«Olivia y Eugenio», con Concha Velasco


Todo el mundo conoce las especiales circunstancias del estreno de «Olivia y Eugenio». La obra, escrita por Herbert Morote, autor peruano afincado en España, había sido la elegida por Concha Velasco para interpretarla en un futuro más o menos cercano. La enfermedad de la actriz obligó a interrumpir la gira de «Hécuba», que ella protagonizaba, y de alguna manera ella se sentía en deuda para con los productores de este montaje. Solo este sentimiento y la extremada profesionalidad de Concha explican que haya vuelto tan pronto a los escenarios, sin apenas tiempo para su recuperación.

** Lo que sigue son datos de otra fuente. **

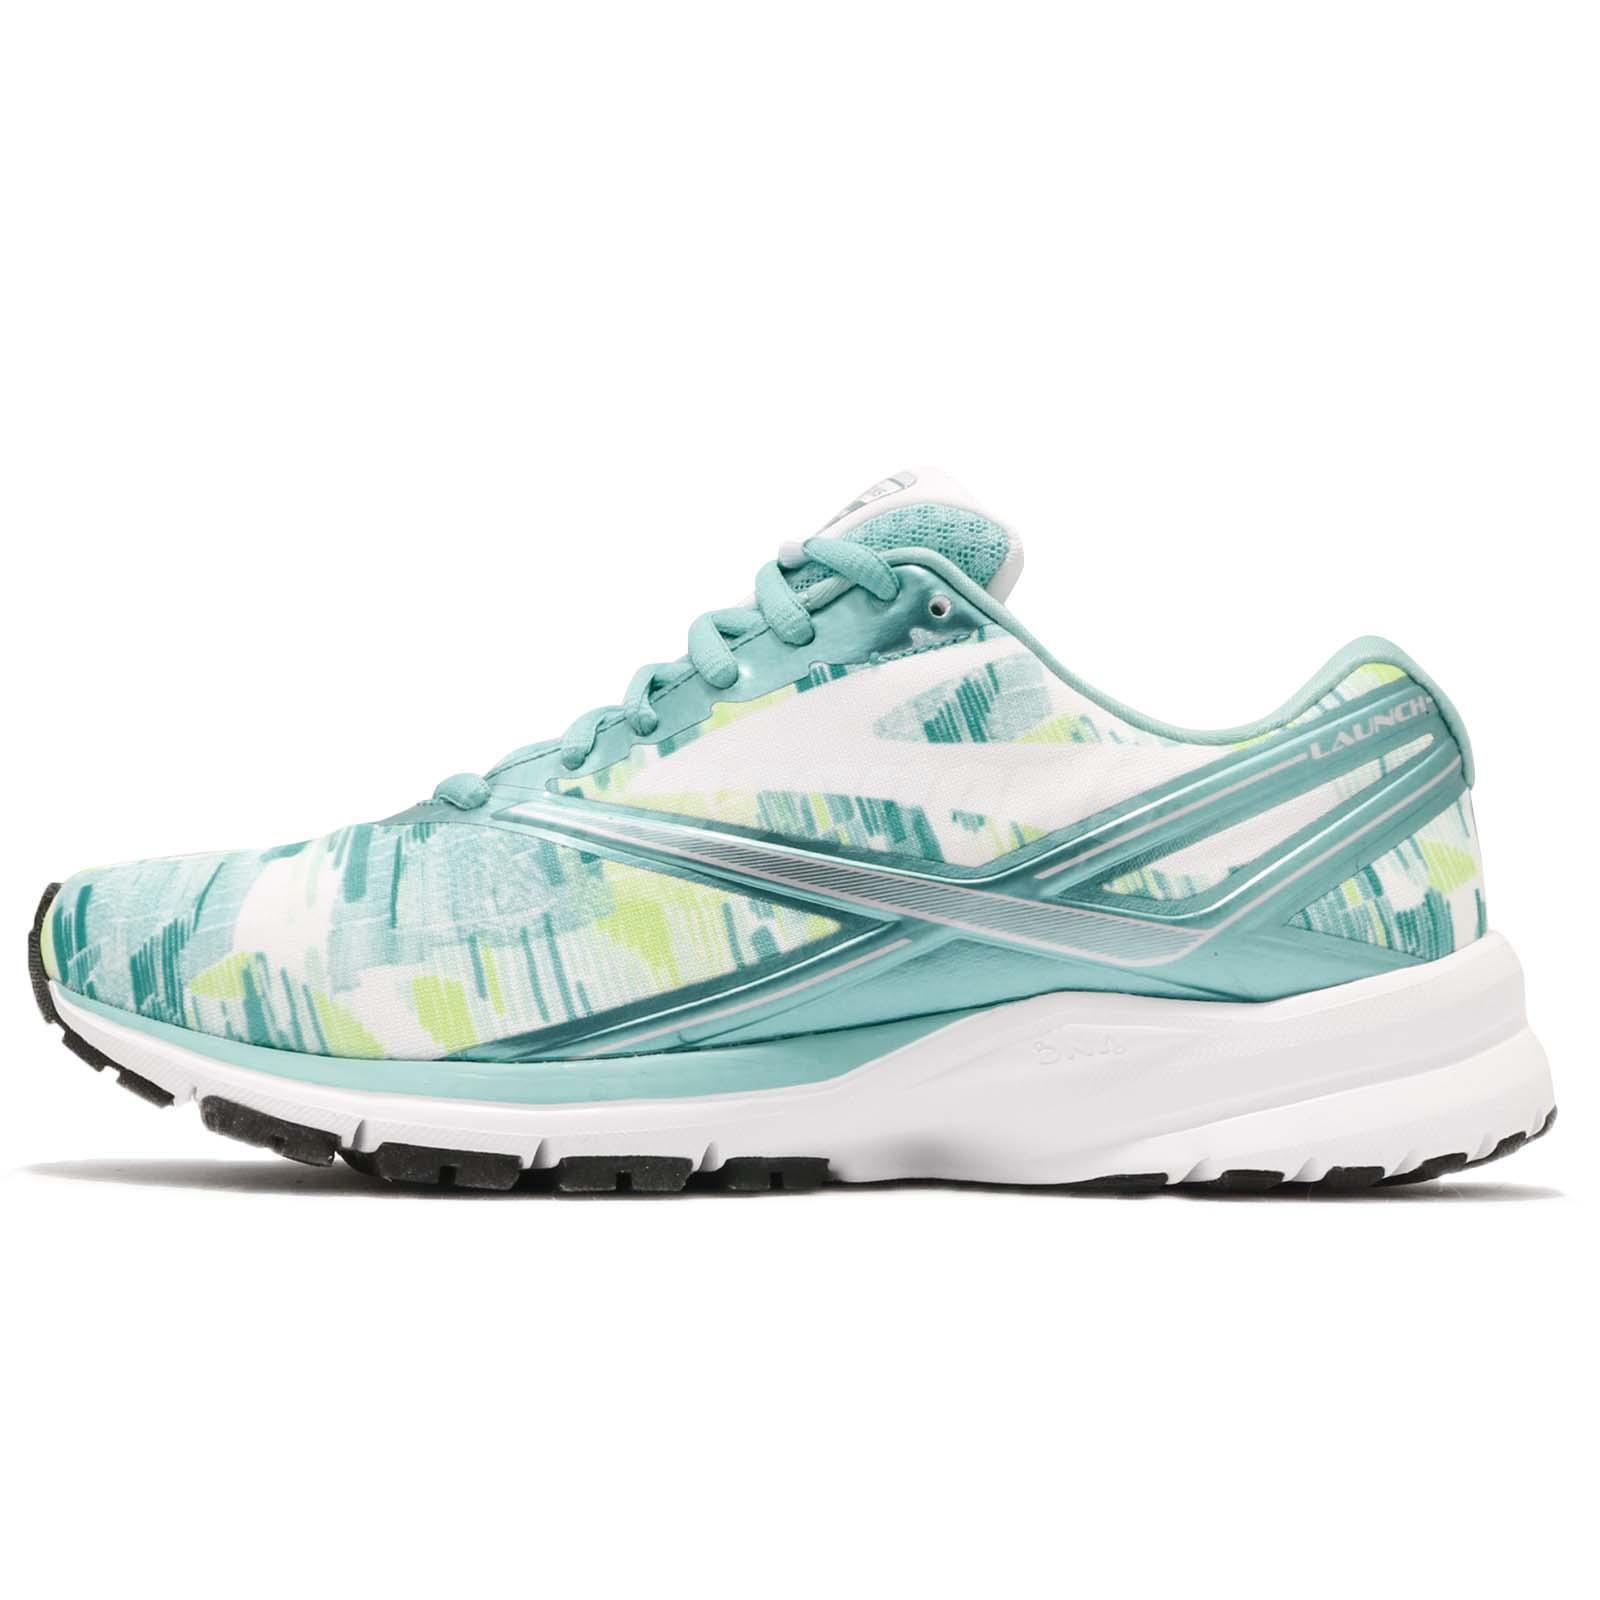 ae2667ecc79 Brooks Launch 4 Kasbah Blue Radiance White Women Running Shoes Sneaker  120234 1B

Lo ha hecho con una obra extremadamente exigente, una obra para dos que es casi un monólogo acompañado, y en el que su compañero sobre las tablas es un joven con síndrome de Down, con todos los condicionantes que ello acarrea, especialmente en cuanto a la concentración y a la responsabilidad. A ello hay que sumar que en la obra Concha Velasco encarna a una enferma terminal de cáncer, enfermedad a la que ella acaba de enfrentarse, por lo que el papel tiene un plus de emotividad. Todo ello conforma una función muy especial seguramente para Concha Velasco, una mujer por la que siento una creciente admiración, y que tiene la presencia escénica y la jerarquía de las grandesdamas de nuestra escena.

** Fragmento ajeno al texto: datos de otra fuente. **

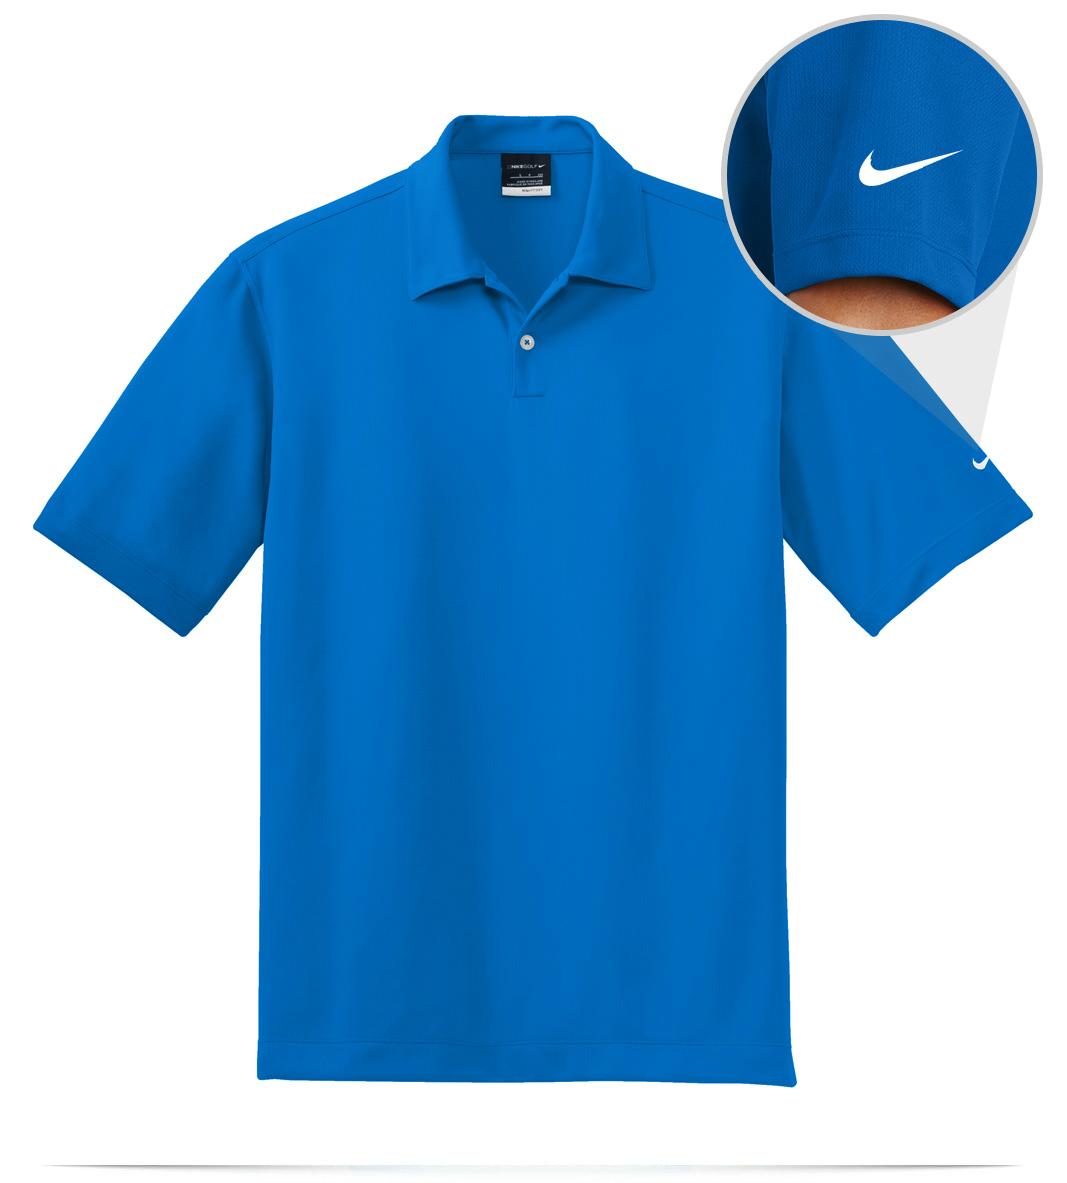 Design Embroidered Custom Nike Golf Shirt Online At Allstar Logo

«Olivia y Eugenio» es un texto en el que Herbert Morote vació sus propios sentimientos. Es, prácticamente, una carta de amor para su hijo, que tiene también síndrome de Down. Cuenta la historia de Olivia, una galerista de arte viuda, económicamente desahogada, a la que acaban de diagnosticar cáncer terminal. Vive sola con su hijo Eugenio, con síndrome de Down, y decide, al conocer su enfermedad, acabar con su vida y con la del joven.

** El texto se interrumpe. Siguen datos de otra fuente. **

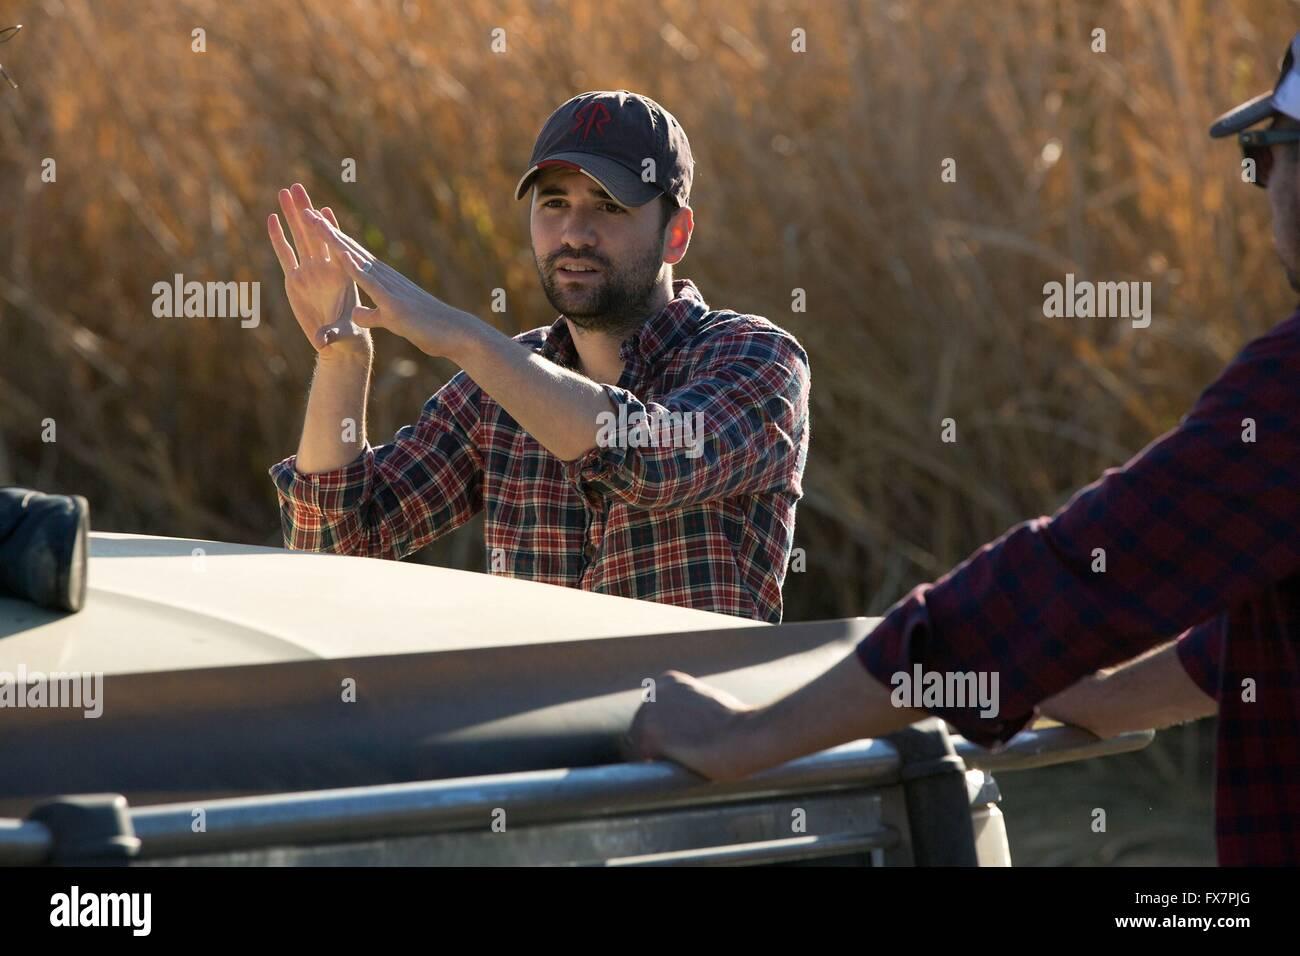 10 Cloverfield Lane Year : 2016 USA Director : Dan Trachtenberg Dan Trachtenberg Shooting picture - Stock Image

Es un texto amargado, quejoso, pero no oscuro. Lo ilumina, sí, la ingenua inocencia de Eugenio, lacónicamente expresivo, pero también la propia Olivia, un personaje abrumado por la responsabilidad y hundido por el dolor, pero que demuestra en cada una de sus palabras su paciencia, su entrega, su amor, su dedicación; también su clase, su educación y su sentido del humor. Y su soledad, aliviada únicamente por ese hijo que no deja de sorprenderla, que la irrita con sus obsesiones pero la llena de energía con su cariño. Al texto, sin embargo, le falta en ocasiones latido dramático y le sobra palabrería. 

No es fácil dirigir a un joven con síndrome de Down. Lo que se gana en frescura se pierde en naturalidad, en espontaneidad. Exige de su compañera, Concha Velasco, una atención y un cuidado especial, porque las respuestas que ofrece el actor no son las mismas que obtendría de otro actor sin sus circunstancias. El trabajo de Hugo Aritmendiz (que se alterna en el papel de Eugenio con Rodrigo Raimondi) es magnífico, verdaderamente emocionante, y en ello tiene seguramente mucho que ver el mimo que ha puesto en la función José Carlos Plaza. Del mismo esmero se beneficia Concha Velasco -a la que viste con elegancia Lorenzo Caprile-, visiblemente atenta en todo momento a su partenaire, y que realiza un trabajo enormemente generoso y esforzado.